DATA FOR PROCESSING START

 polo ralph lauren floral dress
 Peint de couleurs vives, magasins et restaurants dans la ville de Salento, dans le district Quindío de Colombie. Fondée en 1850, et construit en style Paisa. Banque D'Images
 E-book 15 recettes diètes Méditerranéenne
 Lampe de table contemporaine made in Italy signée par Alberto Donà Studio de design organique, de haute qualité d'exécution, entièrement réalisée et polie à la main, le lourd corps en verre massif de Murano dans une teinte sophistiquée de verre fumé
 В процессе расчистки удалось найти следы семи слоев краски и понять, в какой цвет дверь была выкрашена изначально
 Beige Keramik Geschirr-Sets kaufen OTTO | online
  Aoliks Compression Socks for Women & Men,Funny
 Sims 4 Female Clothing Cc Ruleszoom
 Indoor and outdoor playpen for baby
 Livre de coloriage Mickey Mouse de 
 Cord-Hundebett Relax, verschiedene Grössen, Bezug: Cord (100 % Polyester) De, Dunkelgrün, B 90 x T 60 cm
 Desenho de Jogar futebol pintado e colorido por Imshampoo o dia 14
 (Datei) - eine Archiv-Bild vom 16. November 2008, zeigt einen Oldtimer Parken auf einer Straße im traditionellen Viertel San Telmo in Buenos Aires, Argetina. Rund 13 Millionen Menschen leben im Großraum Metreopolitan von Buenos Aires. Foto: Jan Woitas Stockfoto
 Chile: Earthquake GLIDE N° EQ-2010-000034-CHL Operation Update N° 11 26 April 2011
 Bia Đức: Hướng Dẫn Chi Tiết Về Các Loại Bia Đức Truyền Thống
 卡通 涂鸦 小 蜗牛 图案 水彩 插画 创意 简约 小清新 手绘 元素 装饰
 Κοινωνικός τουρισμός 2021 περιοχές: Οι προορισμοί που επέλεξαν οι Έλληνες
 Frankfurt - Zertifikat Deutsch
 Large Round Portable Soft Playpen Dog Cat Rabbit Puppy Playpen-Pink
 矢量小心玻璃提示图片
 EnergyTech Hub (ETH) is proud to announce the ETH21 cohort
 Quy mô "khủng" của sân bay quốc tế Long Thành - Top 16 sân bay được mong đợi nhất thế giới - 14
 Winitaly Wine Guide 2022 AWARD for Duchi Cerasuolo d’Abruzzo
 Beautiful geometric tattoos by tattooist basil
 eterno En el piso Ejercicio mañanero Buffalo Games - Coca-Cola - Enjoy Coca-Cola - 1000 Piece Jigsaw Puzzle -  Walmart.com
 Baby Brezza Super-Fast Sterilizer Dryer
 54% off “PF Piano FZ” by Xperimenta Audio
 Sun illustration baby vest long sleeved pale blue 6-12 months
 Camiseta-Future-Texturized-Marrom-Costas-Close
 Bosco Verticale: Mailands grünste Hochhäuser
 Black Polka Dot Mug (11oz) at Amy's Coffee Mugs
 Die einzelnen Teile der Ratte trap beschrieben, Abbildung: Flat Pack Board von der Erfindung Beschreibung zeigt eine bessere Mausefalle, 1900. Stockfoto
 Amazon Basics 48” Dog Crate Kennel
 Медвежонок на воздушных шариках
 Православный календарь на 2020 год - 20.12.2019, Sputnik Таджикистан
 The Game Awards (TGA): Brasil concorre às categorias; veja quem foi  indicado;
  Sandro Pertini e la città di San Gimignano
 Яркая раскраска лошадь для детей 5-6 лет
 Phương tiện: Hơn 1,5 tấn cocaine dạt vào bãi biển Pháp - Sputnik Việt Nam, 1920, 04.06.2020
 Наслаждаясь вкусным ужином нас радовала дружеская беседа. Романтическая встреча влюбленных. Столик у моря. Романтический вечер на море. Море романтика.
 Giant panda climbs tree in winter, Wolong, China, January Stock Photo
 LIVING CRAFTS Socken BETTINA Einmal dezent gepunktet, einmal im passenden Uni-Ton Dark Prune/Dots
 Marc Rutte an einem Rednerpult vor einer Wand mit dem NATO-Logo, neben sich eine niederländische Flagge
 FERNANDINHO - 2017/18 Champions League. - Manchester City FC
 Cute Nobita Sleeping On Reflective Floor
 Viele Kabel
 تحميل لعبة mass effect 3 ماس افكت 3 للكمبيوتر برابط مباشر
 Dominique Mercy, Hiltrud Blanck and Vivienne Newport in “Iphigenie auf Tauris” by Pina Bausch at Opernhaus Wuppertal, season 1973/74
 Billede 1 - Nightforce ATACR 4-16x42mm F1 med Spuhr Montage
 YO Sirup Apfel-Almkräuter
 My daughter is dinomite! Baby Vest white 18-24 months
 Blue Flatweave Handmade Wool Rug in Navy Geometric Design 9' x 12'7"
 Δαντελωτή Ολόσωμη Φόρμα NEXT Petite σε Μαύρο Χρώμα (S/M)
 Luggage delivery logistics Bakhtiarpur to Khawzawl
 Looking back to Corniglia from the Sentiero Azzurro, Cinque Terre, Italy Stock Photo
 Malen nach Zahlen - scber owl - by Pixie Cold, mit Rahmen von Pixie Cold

DATA FOR PROCESSING END

▸ **THE PROBLEM**: Repeat, word for word, the lines above between the line holding "Beige Keramik Geschirr-Sets" and the line holding "Livre de coloriage Mickey Mouse de", inclusive; omit everything else.

▸ **OUTPUT FOR THIS EXERCISE**:
 Beige Keramik Geschirr-Sets kaufen OTTO | online
  Aoliks Compression Socks for Women & Men,Funny
 Sims 4 Female Clothing Cc Ruleszoom
 Indoor and outdoor playpen for baby
 Livre de coloriage Mickey Mouse de 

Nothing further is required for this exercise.